Ivory V. Nelson, who as president led Lincoln University out of debt and spearheaded a building boom that is transforming the nation's oldest historically black college, will retire in June.
Nelson, 76, guided Lincoln during a critical time in its history, when university officials decided to relinquish majority control of the Barnes Foundation board of directors, leading to the art collection's controversial move from the college to Philadelphia. The decision was seen by some as the catalyst behind the release of millions of dollars in state funds to the school.

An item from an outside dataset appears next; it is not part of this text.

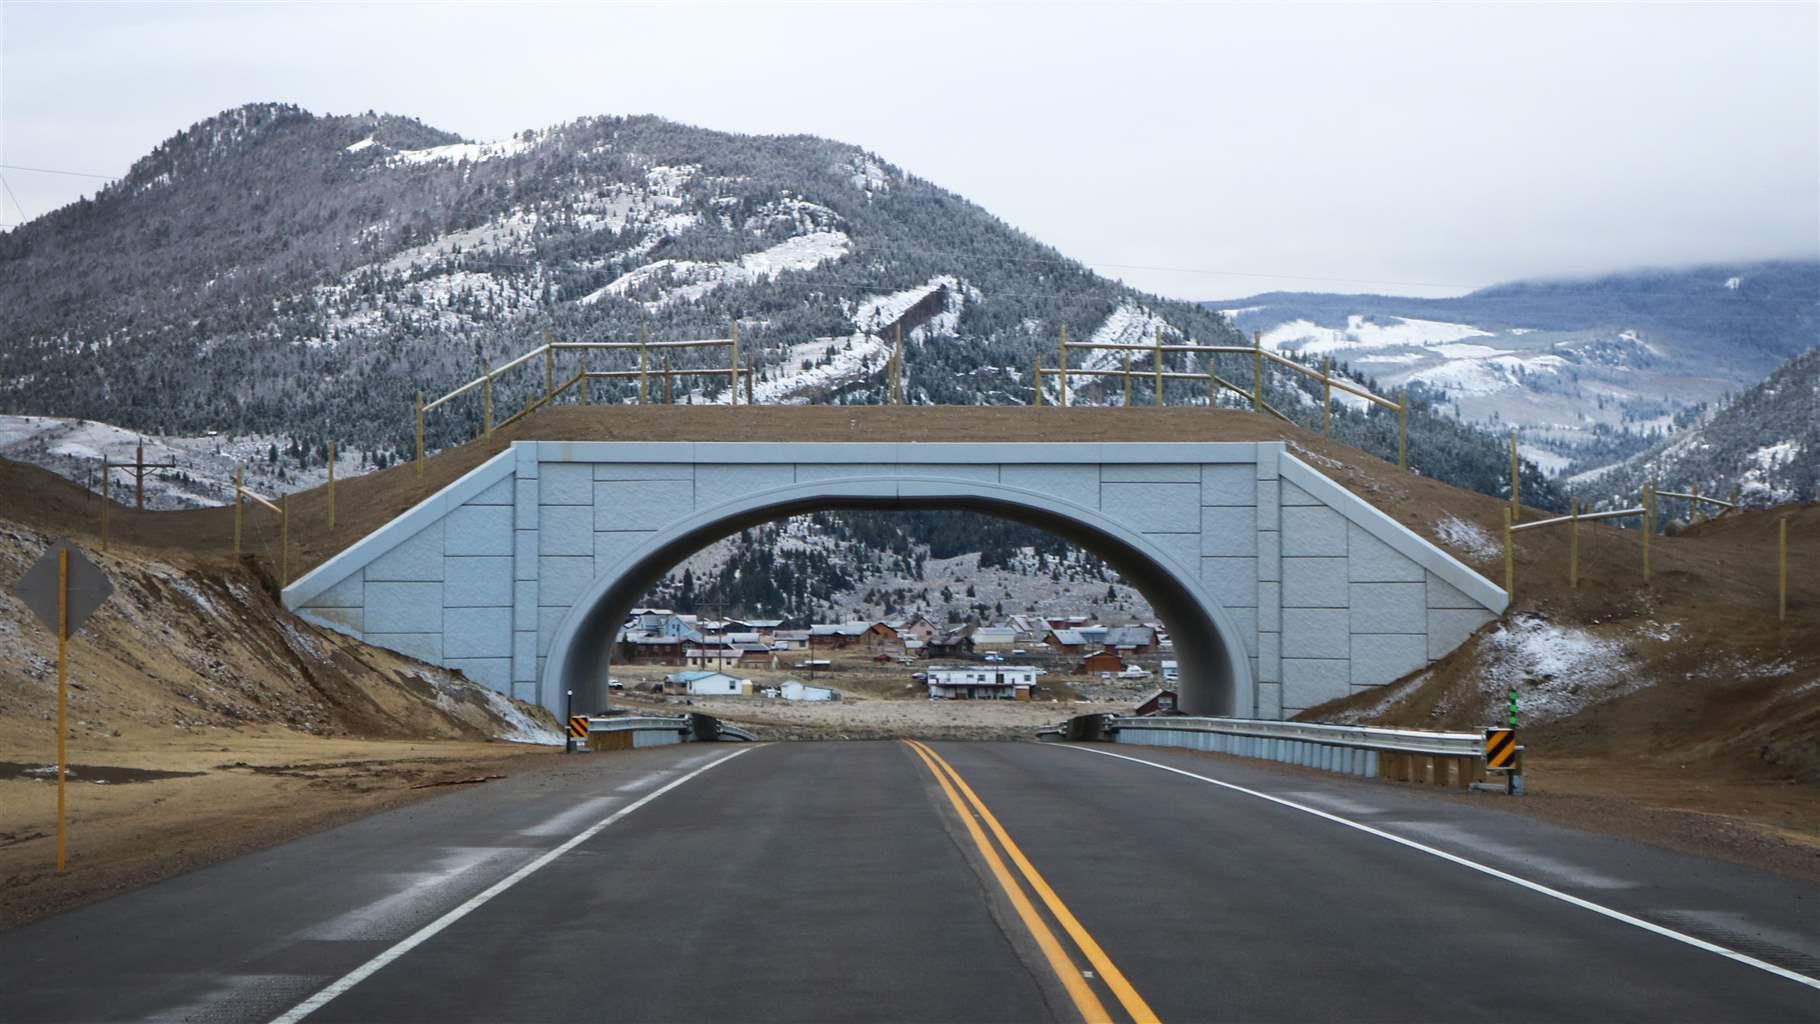 Driving in the Wild: Protecting Yourself and Wildlife - Creating dedicated wildlife crossings and corridors

Nelson joined Lincoln in 1999 after serving in leadership posts at Texas A&M University, Prairie View A&M University, and Central Washington State University. When he arrived at Lincoln, the infrastructure and many buildings were rundown, and the school was $15 million in debt.

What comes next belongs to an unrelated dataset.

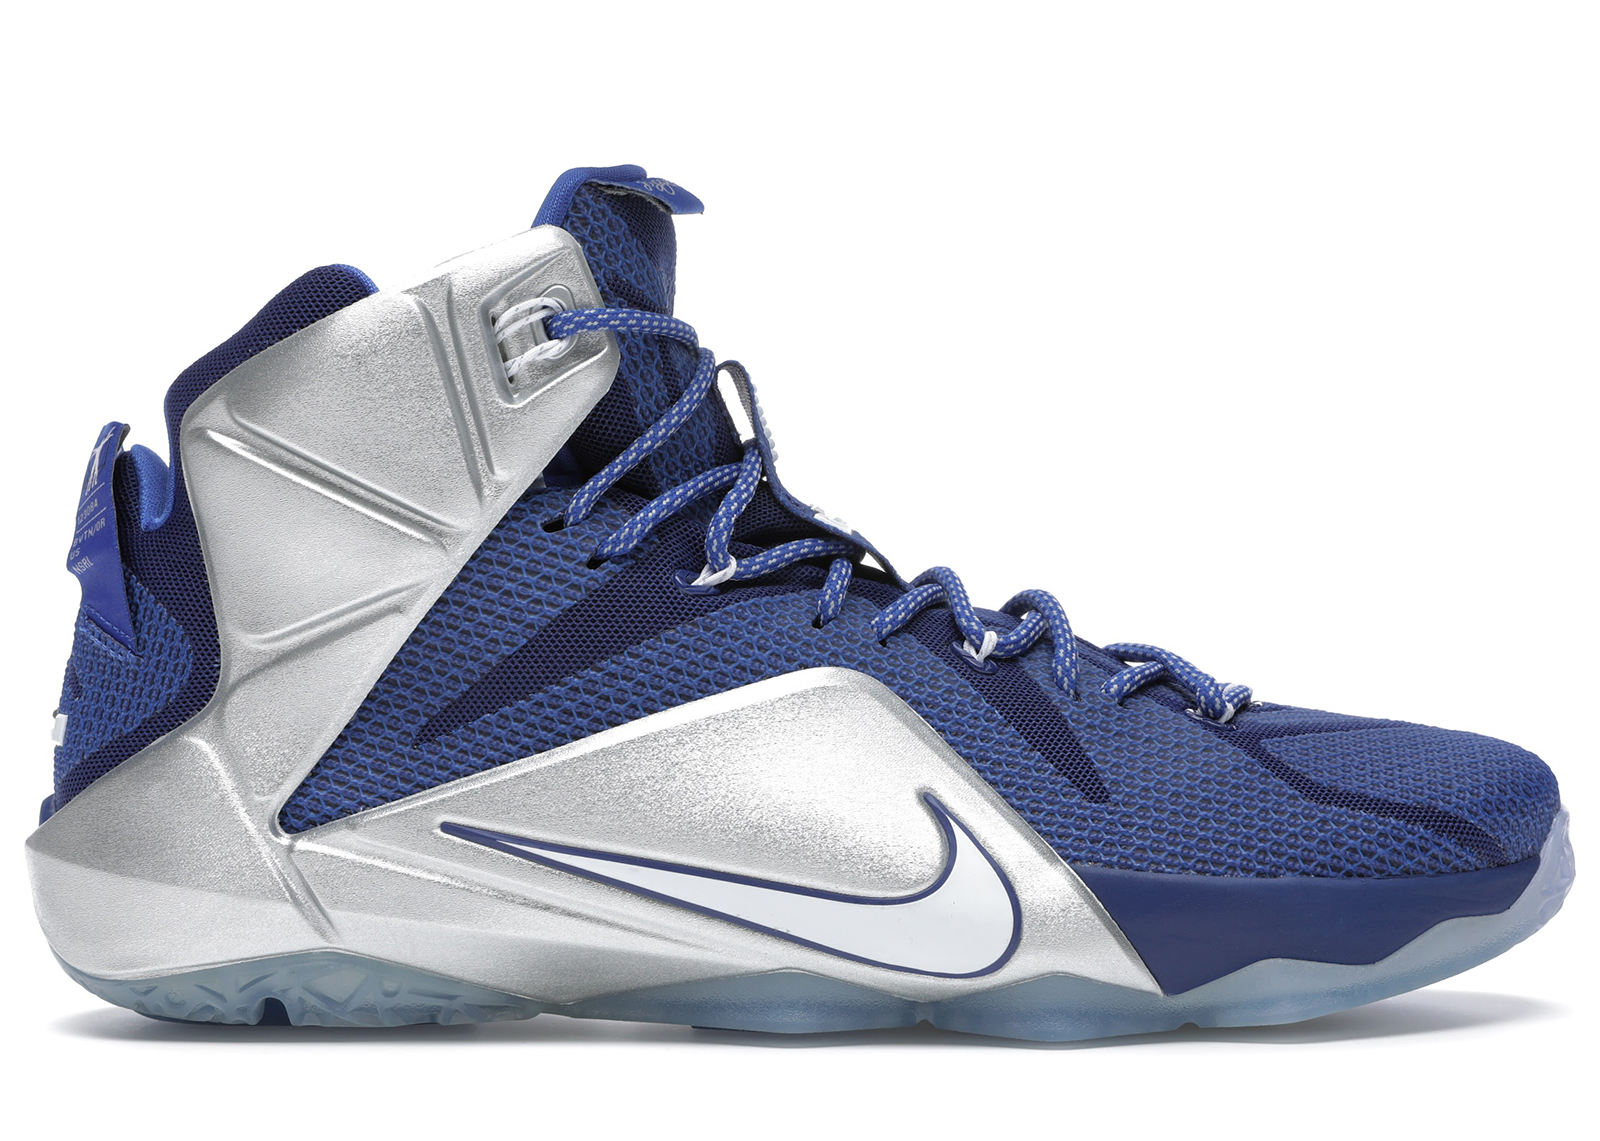 Buy Nike LeBron 12 Shoes & New Sneakers - StockX

In January 2000, the school's main electrical line had ruptured, so, with no power on campus, he had to send the 1,500 students home for three weeks. "We couldn't educate them, feed them, take care of them," Nelson said. "Our infrastructure had failed and we couldn't deliver."
During his presidency, Nelson has dealt with a faculty strike, controversies over a fitness course required for some students, and anti-Israel statements made by a tenured professor.
Since 2005, the school has built a $22 million residence hall, a new cultural center equipped with an art gallery, computer labs, and a 1,049-seat auditorium; a $40 million science and technology center (which will be renamed in Nelson's honor); and a newly renovated student union and library.
Due for completion in 2012 are a wellness center and athletic complex, capping off a $325 million campus makeover.
The school's enrollment, also, has grown from 2,000 in the 1999-2000 school year to 2,361.
A search committee has been formed to look for a new president.